Cesare Pavese

Cesare Pavese gilt weithin als einer der bedeutendsten Literaten der italienischen Kulturgeschichte des zwanzigsten Jahrhunderts und insbesondere als emblematische Figur: ein ernsthafter Schriftsteller, der vom Faschismus verstümmelt wurde und mit dem modernen existentialistischen Dilemma der entfremdeten Bedeutung zu kämpfen hat. Pavese war in den Vereinigten Staaten wenig bekannt und stark von der amerikanischen Literatur beeinflusst, und als die offizielle Zensur seinen Mund schloss, nutzte er seine Position als Übersetzer und Herausgeber indirekt, um Botschaften der Freiheit und neue Ideen englischsprachiger Autoren nach Italien zu bringen. Die meisten Italiener begegneten zum ersten Mal Herman Melville, James Joyce, William Faulkner, Charles Dickens, Gertrude Stein, John Steinbeck, John Dos Passos und Daniel Defoe in Paveses Übersetzungen und begegneten auch ihrem Einfluss und Echos ihrer Meditationen in Paveses eigenen hoch entwickelten Romanen, Kurzgeschichten und Gedichten.Pavese wurde am 9. September 1908 als Sohn von Eugenio und Consolina Pavese in Santo Stefano Belbo geboren.
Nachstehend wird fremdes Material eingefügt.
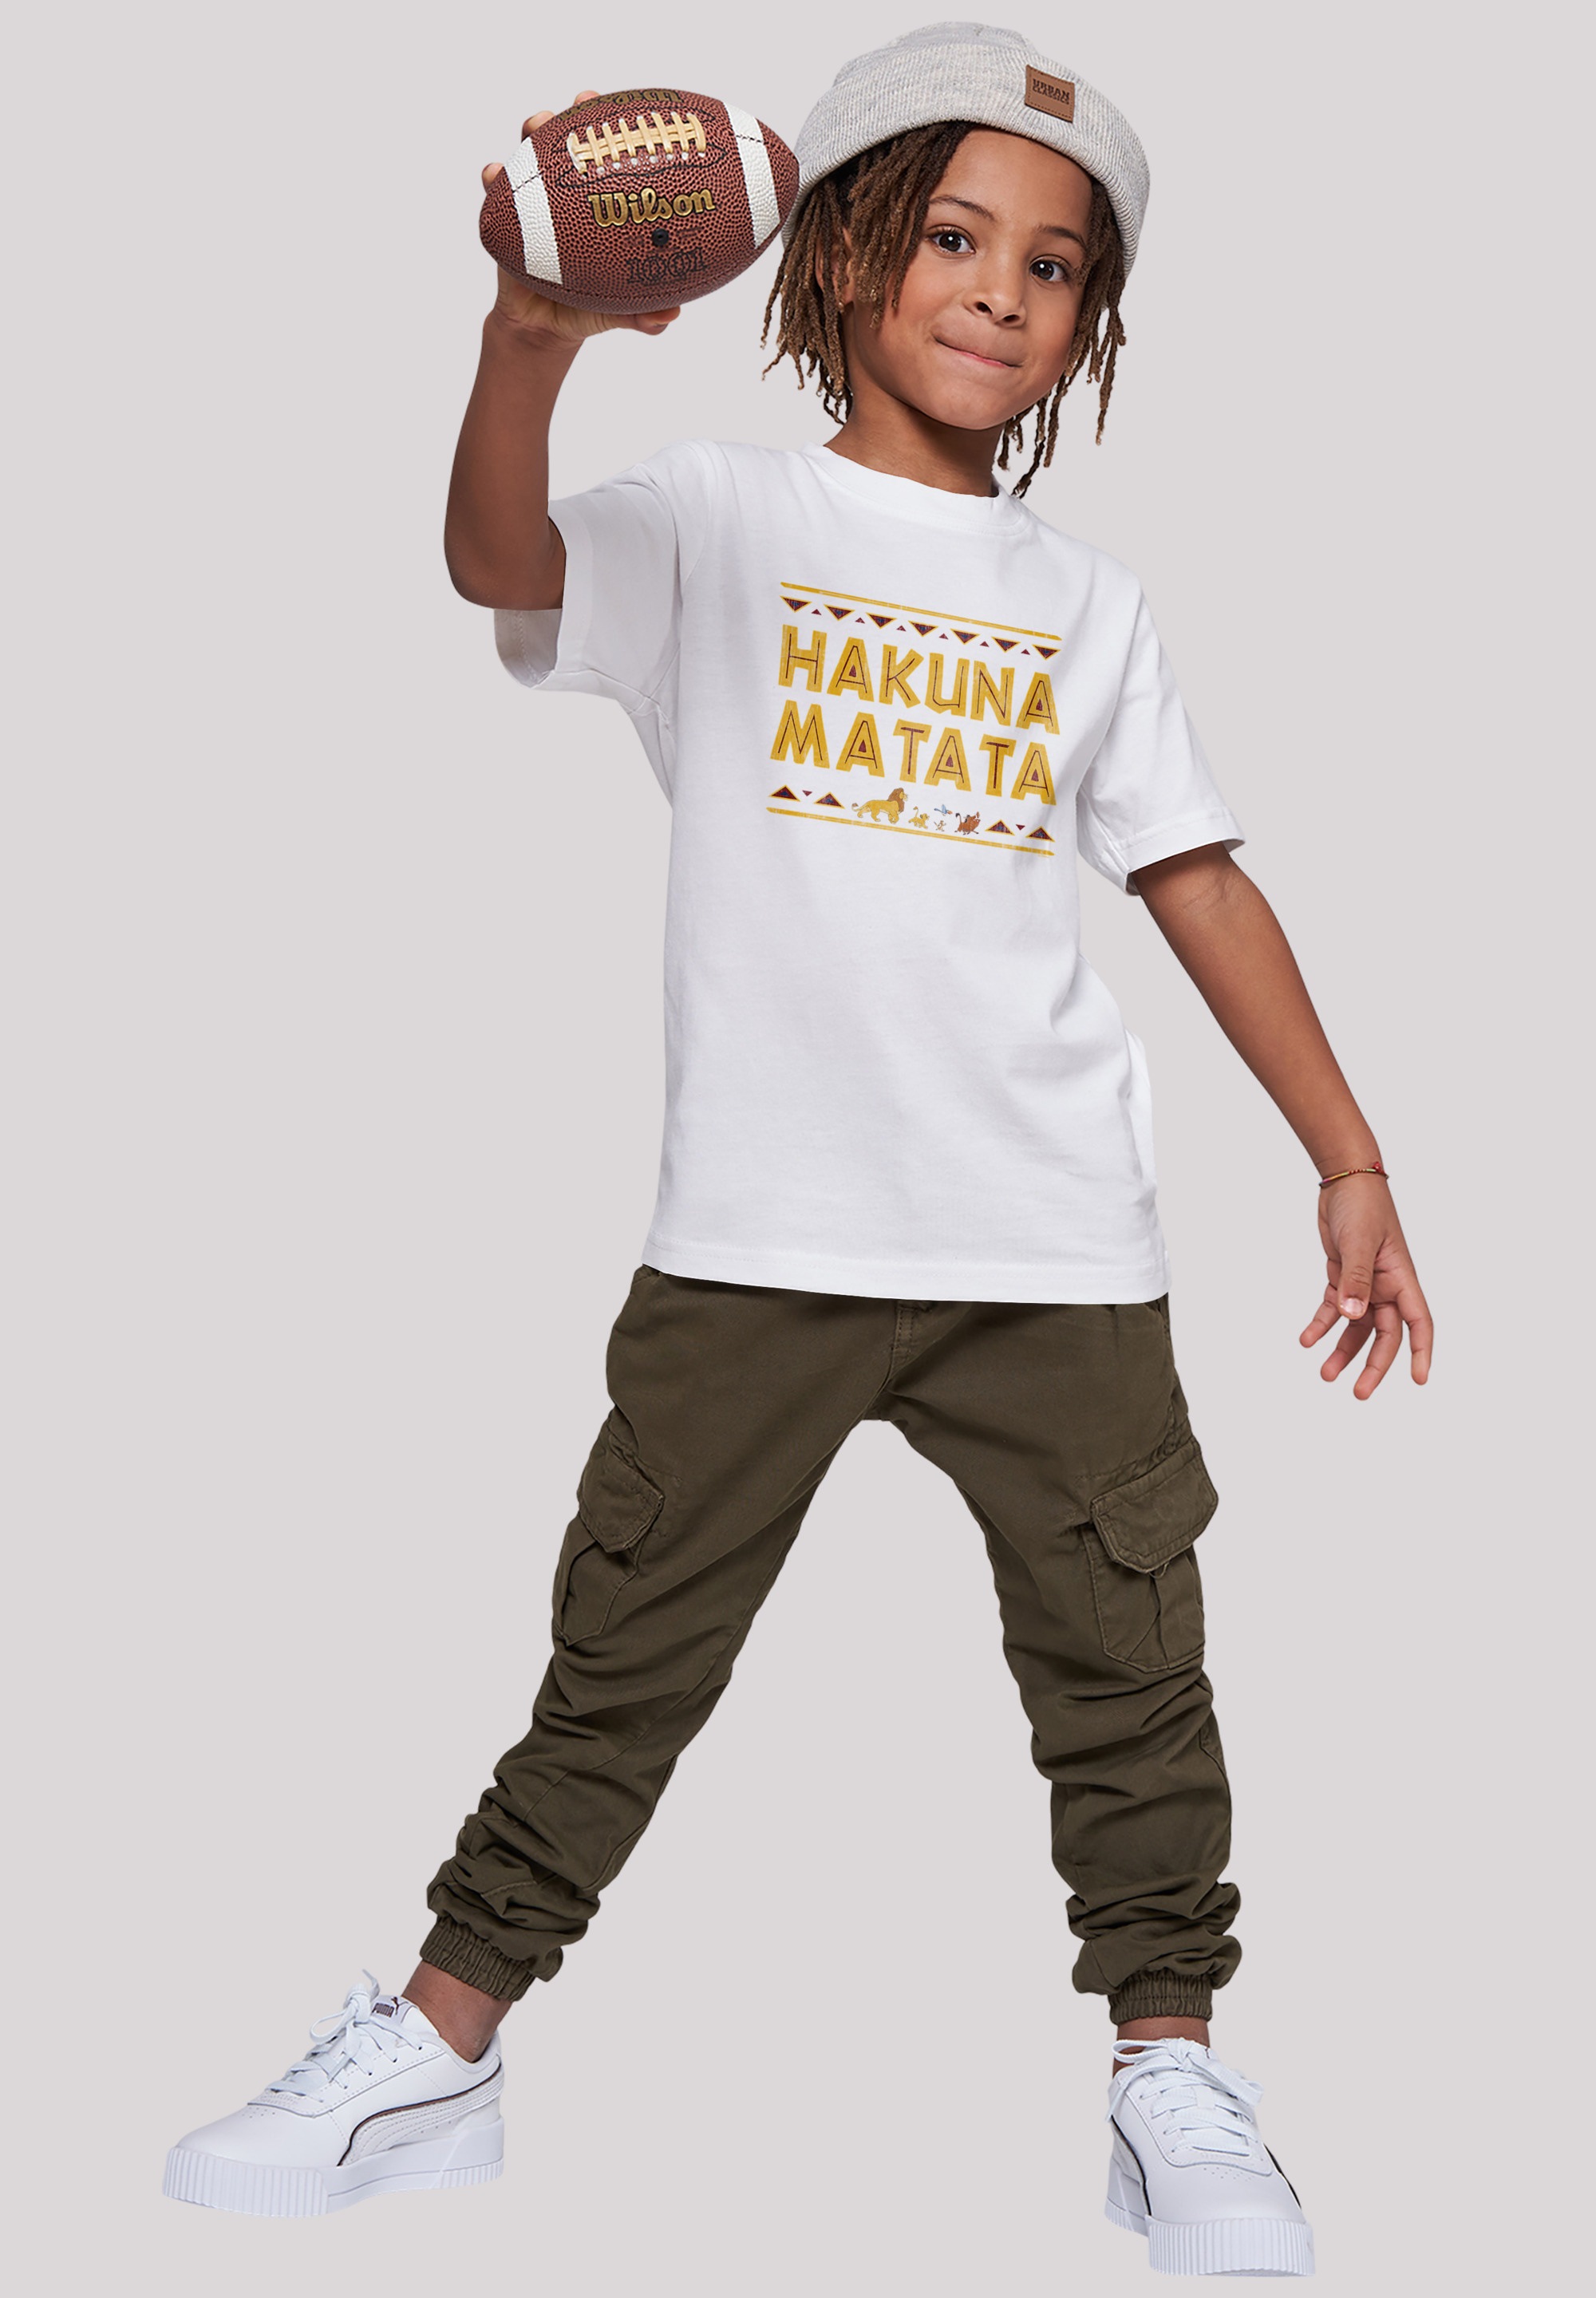 F4NT4STIC T-Shirt kaufen König Merch,Jungen,Mädchen,Bedruckt Kinder,Premium Unisex BAUR Matata«, Hakuna der Löwen »Disney

Eugenio Pavese war Funktionär an den Gerichten von Turin in Norditalien und starb an einem Gehirntumor, als Cesare erst sechs Jahre alt war. Paveses Mutter, Consolina, war offensichtlich abgelegen und für ihren Sohn nicht erreichbar, und Pavese wuchs in einen Zustand der Einsamkeit, aus dem er nie vollständig hervorging. Eine seiner wenigen Freundinnen, Natalia Ginzburg, erinnerte sich in einer posthumen Abhandlung, die in der Londoner Zeitschrift veröffentlicht wurde, an ihn: „Es schien uns, dass seine Traurigkeit die eines Jungen war, die üppige, achtlose Melancholie eines Jungen, der noch nicht auf die Erde gekommen ist und sich in der trockenen, einsamen Welt der Träume bewegt.“
Turin war der Schmelztiegel, in dem Paveses Charakter geformt wurde, und sein starkes Gefühl der Verbindung zu ihm und der Landschaft Norditaliens würde in seinen Geschichten wiederkehren: Der typische Pavese-Erzähler ist Teil einer Landschaft, das Produkt eines bestimmten Ortes. Zu dieser Zeit wurde Turin von vielen eher als französische als als italienische Stadt angesehen, und eine Generation zuvor hatte der deutsche Philosoph Friedrich Nietzsche es mehrere Jahre lang zu seiner Heimat gemacht, bevor er 1888 zusammenbrach. Während seines Studiums am Turiner Lyzeum lernte Pavese einen der Ausbilder Augusto Monti kennen und adoptierte ihn mehr oder weniger, der sich später öffentlich gegen Mussolinis faschistisches Regime wandte. Monti wurde Paveses intellektueller Vater und Mentor, und es war höchstwahrscheinlich diese Studienzeit bei Monti, die Pavese in seiner literarischen Berufung bestätigte; Paveses erste Gedichte stammen aus seinen Lyzeumsjahren.Nach seinem Abschluss schrieb sich Pavese an der Universität Turin ein und setzte sein Studium der Literatur fort, insbesondere der amerikanischen Literatur, die, wie er immer sicherer wurde, eine praktikable Alternative zur europäischen kulturellen Entfremdung und völligen Desintegration bot. Leslie Fiedler schrieb in der Kenyon Review über Paveses „Beschäftigung mit den Bedeutungen Amerikas“ und erklärte: „Paveses Impuls als Künstler war in Richtung einer Dimension, die er gerne“mythisch“nannte, eine Dimension, die er in Melville und nicht in Flaubert fand . . . und dadurch findet sich in unseren Büchern eine Identität von Wort und Ding . . . nicht der aristokratische Symbolismus der Franzosen. . . . Der amerikanische Künstler, so glaubte Pavese, habe entdeckt, wie man den Konformismus zurückweist, ohne ein Rebell in kurzen Hosen zu werden, wie man gleichzeitig frei und reif ist.“ Pavese machte 1930 seinen Abschluss mit einer Arbeit über den Dichter Walt Whitman.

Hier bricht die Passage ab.